Original version of This story Appears in Quanta Magazine.
For computer scientists, solving problems is a bit like climbing. First, they need to choose a problem to solve – Akin to identify the peak to climb – and they need to develop a strategy to solve it. Classical and quantum researchers compete using a variety of strategies and develop healthy rivalries between the two. Quantum researchers report rapid methods to solve problems. Often, by expanding the peaks that no one thinks are worth climbing, we see if classic teams can compete and find a better way.
This contest will mostly end as a virtual tie. When you think of researchers as devising quantum algorithms that work faster or better than anything else, classical researchers usually come up with something equal to that. It is said to be the Quantum Speeepup that was published in the journal last week. Sciencemet with immediate skepticism from two separate groups that demonstrated how to do it. resemble Calculation On a classic machine.
However, last year, in a paper published on the scientific prelint site arxiv.org, researchers explained what it looks like. Convincing and useful quantum speedup. Researchers have described new quantum algorithms that work faster than all known classical algorithms when finding good solutions to a wide range of classes of optimization problems (looking for the best possible solution out of a vast number of options).

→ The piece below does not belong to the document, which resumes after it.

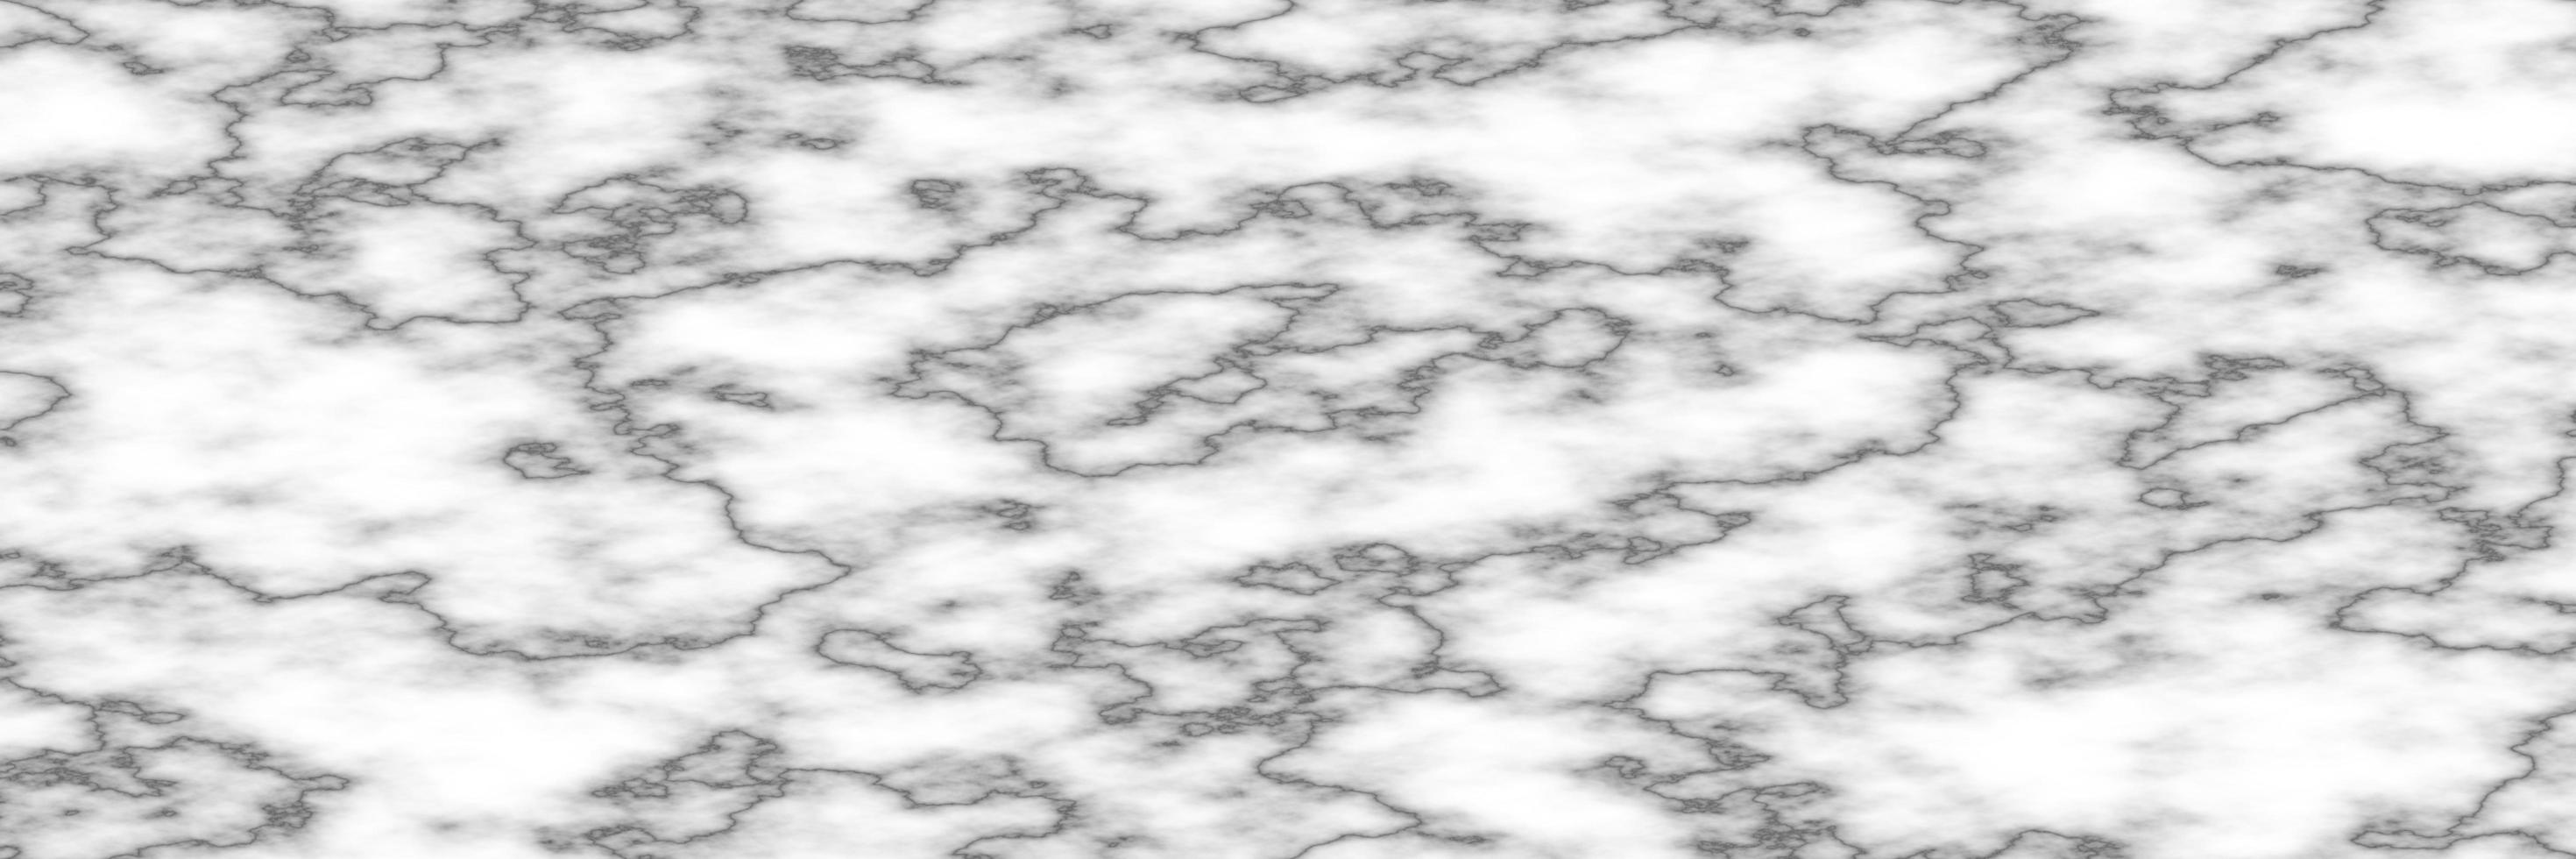 superfície de fundo branco em mármore, papel de parede de textura de mármore foto

So far, there is no classical algorithm that abandons a new algorithm known as decoded quantum interferometry (DQI). He said it was a “breakthrough in quantum algorithms.” Gil Karaiwith a mathematician at Reichmann University. A prominent skeptic of quantum computing. Quantum algorithm reports excite researchers as they can illuminate new ideas on difficult problems. Also, it is not clear which problems will actually benefit from all the topics around quantum machines. Quantum algorithms outweigh all known classics in optimization tasks represent a major advance in exploiting the possibilities of quantum computers.
“I’m eager about that,” he said. Ronald de Wolftheoretical computer scientist at CWI, a Dutch national laboratory of mathematics and computer science who was not involved in the new algorithm. But at the same time, he warned that there is a very high chance that researchers will ultimately find classic algorithms that they do as well. Also, due to the lack of quantum hardware, it will still take some time before we can empirically test new algorithms.
Algorithms may inspire new work on classical aspects, Ewin Tanga computer scientist at the University of California, Berkeley, and became a well-known teenager. Create classical algorithms that match quantum ones. The new argument is “so interesting enough to tell people that classical algorithms are, ‘Hey, we should look at this paper and tackle this issue,” she said.
What’s the best way to do it in the future?
When classical and quantum algorithms compete, they often do so on the battlefield of optimization. This is an area focused on finding the best options to solve troublesome problems. Researchers usually focus on problems where the number of possible solutions explodes as the problem grows. What is the best way for a delivery truck to visit 10 cities in 3 days? How should I pack the parcel in the back? Classic methods of solving these problems often involve running through possible solutions in clever ways, and are quickly unacceptable.
The specific optimization problems that DQI tackles are roughly misaligned. A collection of points is given on paper. You need to come up with the mathematical functions that pass through these points. Specifically, the function must be polynomial. This is a combination of variables that are raised to the full-text index and multiplied by the coefficient. But that’s not too complicated. In other words, you cannot be too powerful. This gives you a curve that wiggles up and down as you move across the page. Your job is to find the wavy lines that touch the most points.
Variations of this issue are presented in a variety of ways, particularly in error coding and encryption. DQI researchers have recognized that essentially plotting a better line is similar to shifting a noisy, encoded message that is close to its exact meaning.